Since news of McFadden’s resignation broke at the end of October, the project has generated an active thread over on the Archinect Discussion Forum. Readers are invited to share their views on the scheme, and its surrounding controversy here or in the comments below.
7 Comments
do I need 2.3 Billion to call myself "Hobby Architect"? Would AIA/NCARB approve?
Yeah... seems to be rich person privilege. The laws don't apply to them (sarcasm).
Imagine lecturing Munger about investing ... doubt he'd take that kindly from an "amateur investor".
Unfortunately there's always been men in positions of higher power imposing their designs on professionals, from Robert Moses to billionaires commissioning their homes. This Munger incident belongs to the former. The usual argument is that professionals are too timid and lack the imagination that outsiders like Munger possess.

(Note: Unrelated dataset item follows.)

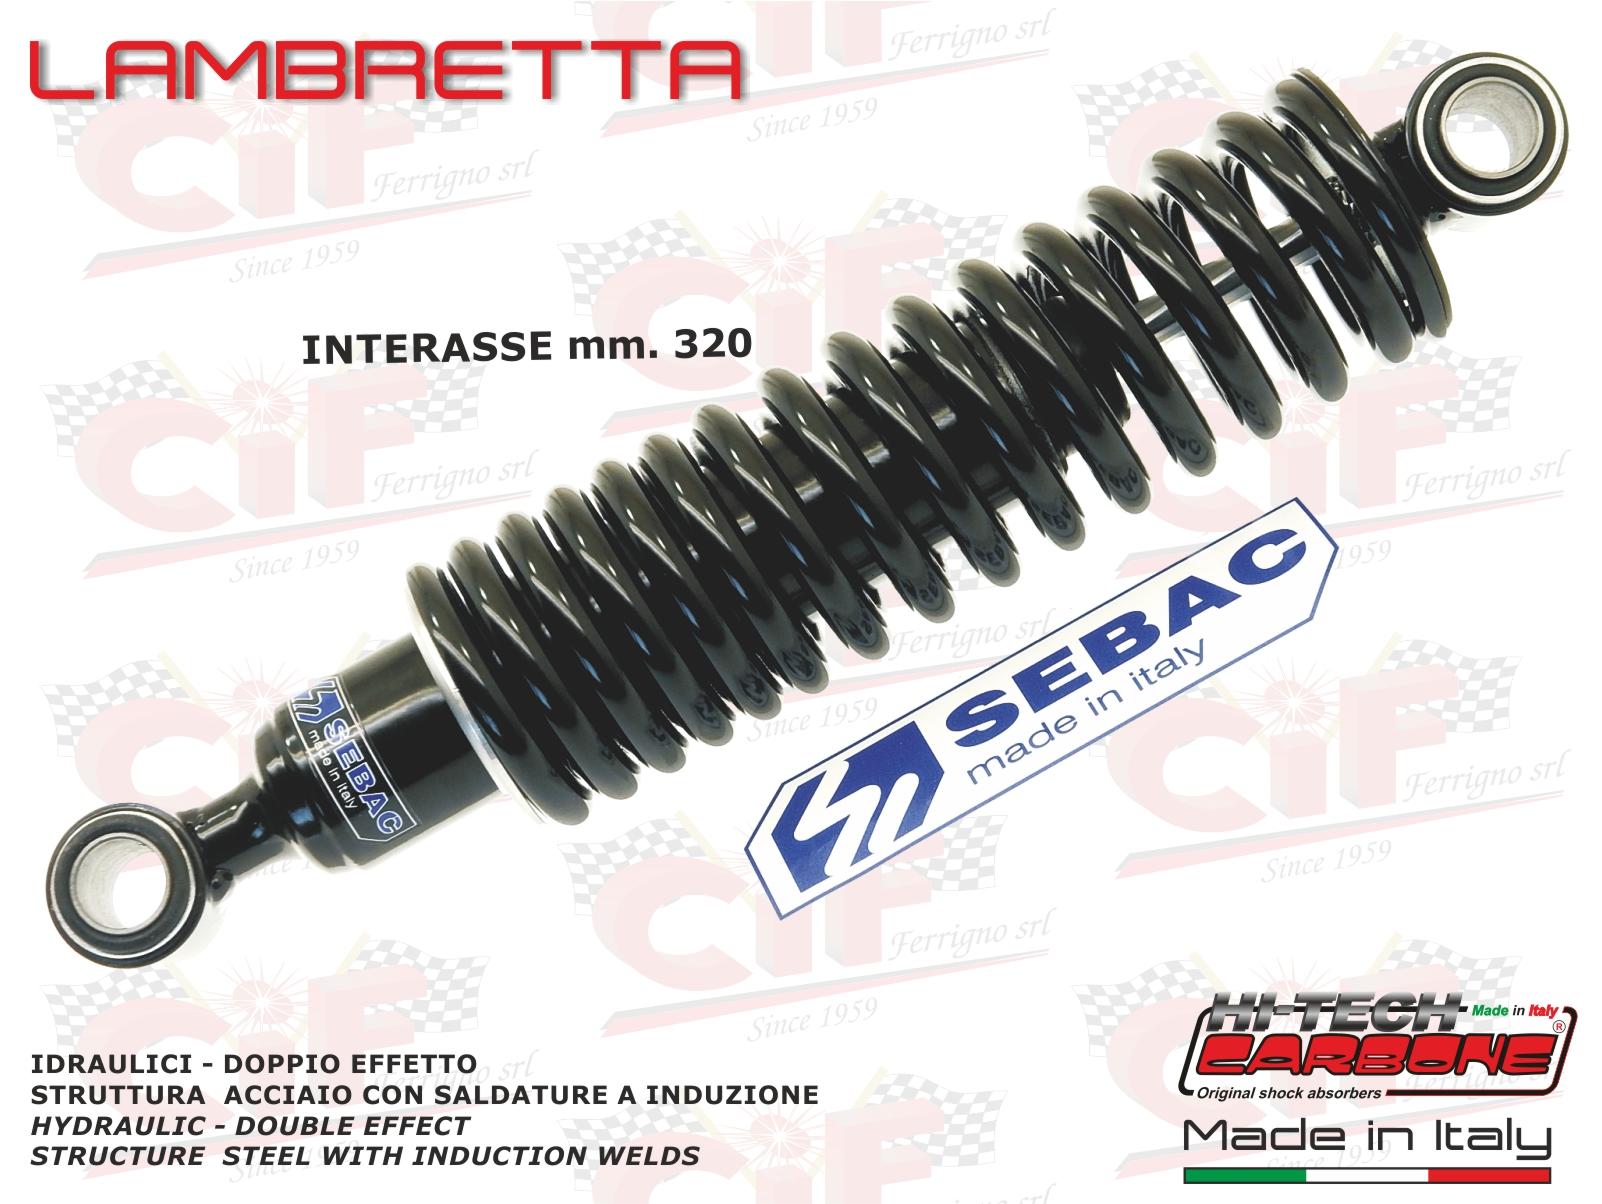 SEBAC rear shock absorber for Lambretta LI 2nd SERIES

Well, good for the AIASB. I am surprised, but good for them!
If they were designing this monstrous building for a prison human rights activists would be "coming out of the wood work" in anger and protest and rightly so. This is the most inhumane design for a building intended for human occupation that I have ever seen.This the work of a meglomanic with no instincts for the mental and physical health of human beings.
For a prison, it actually wouldn't be the worst. I wouldn't take care about the opinions of "human rights activists" for designing a prison. Human rights activists would have prisons designed like a plush hotel suite of exquisite comfort. The idea is prisons are SUPPOSE to be worse living conditions than what minimum wage workers live in. If prison is better living conditions than the streets then they would continue to commit crimes just to go back to prison where they would have a comfortable bed, a roof over their head, and food. As it is with most jails/prisons today, jail/prison life is arguably better than the conditions that minimum wage workers live under.

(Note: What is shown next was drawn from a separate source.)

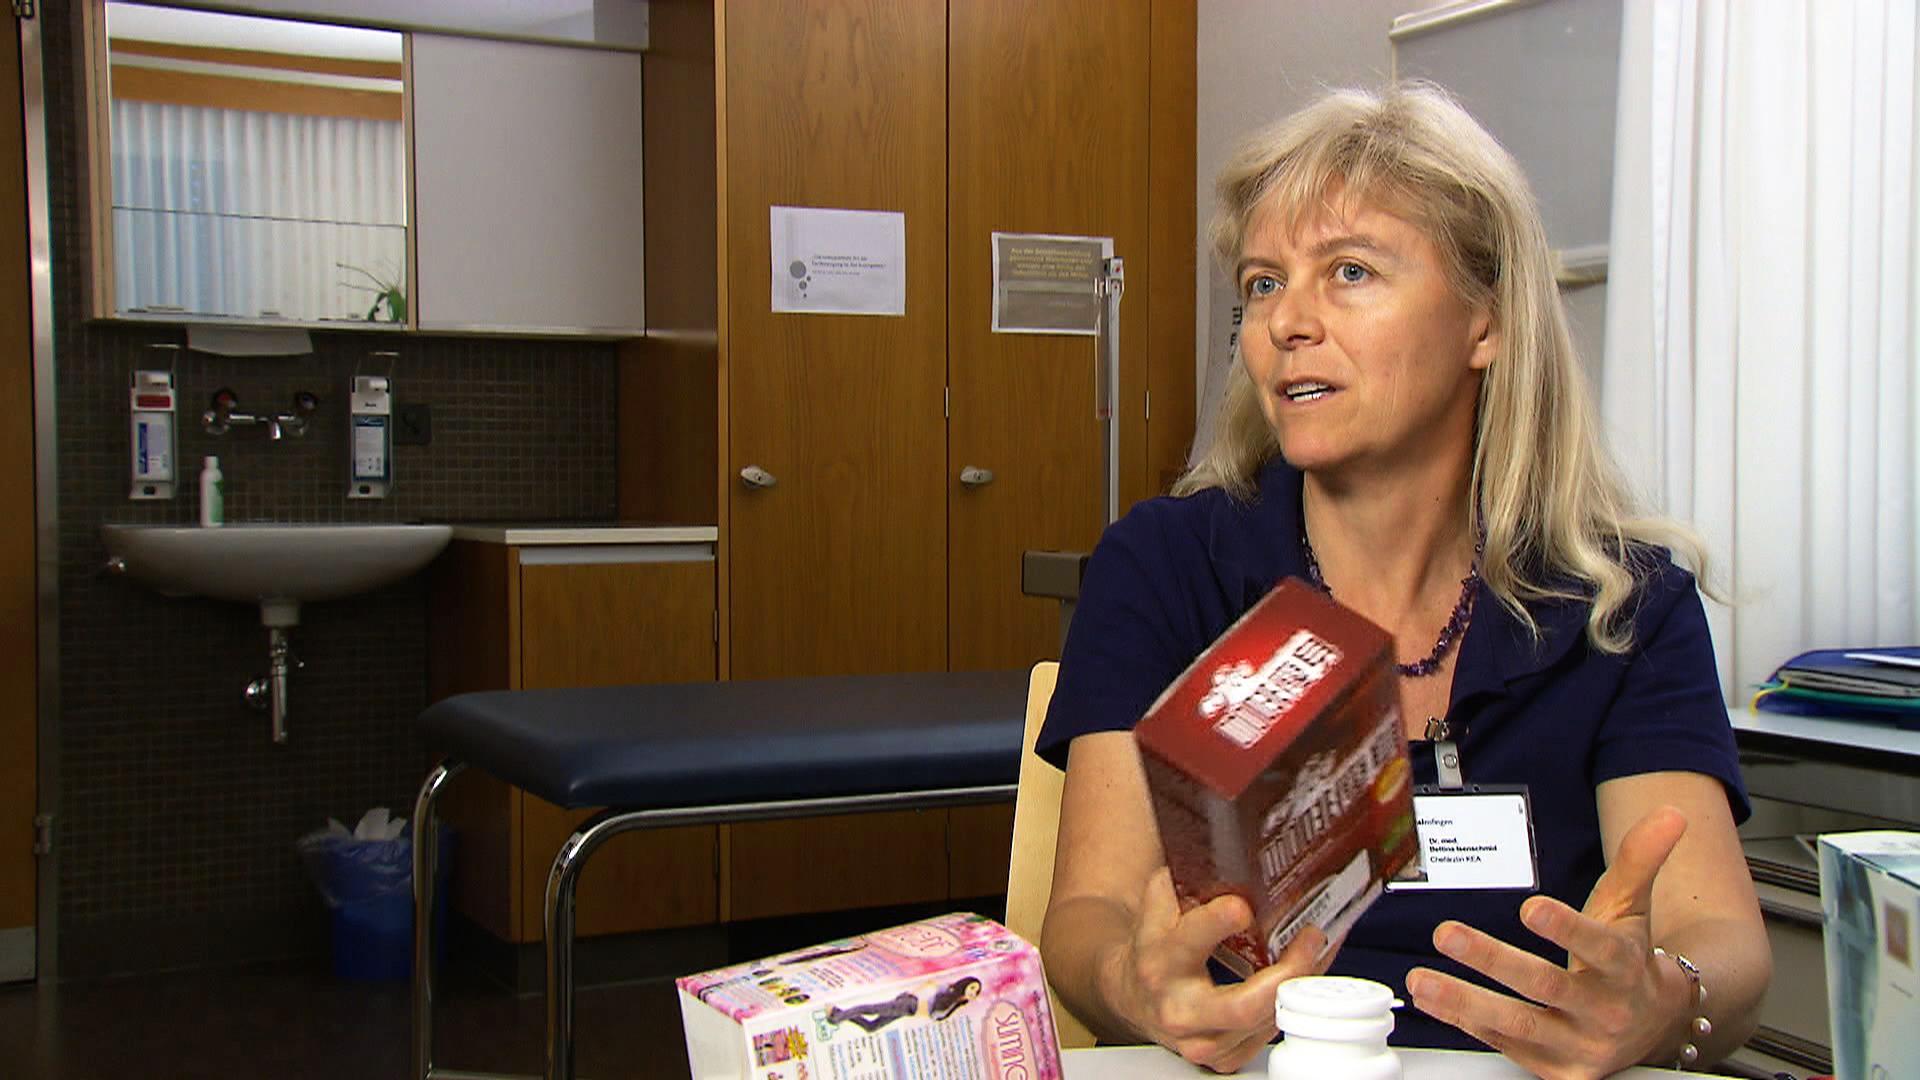 Bettina Isenschmid, head of the department of eating behaviour at Zofingen Hospital

Sending a person to prison is suppose to be a disciplinary action.
Now, having said that, Munger's dorm is more like a prison cell block in floor plan than it is a dorm. I would expect better design of the floor plan for dorms. This is not a judgment of the exterior or style which is actually not bad for a building. That's just the skin. It is the interior plan that is the issue that I see. It would be better for that building to be a classroom building with larger individual rooms than the prison cell size sleeping rooms.
Lawsuit on the way:
The public outcry against UC Santa Barbara’s Munger Hall has grown so loud that the City of Goleta has taken the position that “there may be no certainty as to whether the needed student housing will be built in a reasonable time frame.” Those were the words of Goleta Mayor Paula Perotte in a city press release on Friday that announced Goleta will sue the UC Regents for failing to provide student housing and that it now impacts Goleta revenue and the city’s own ability to house its workforce.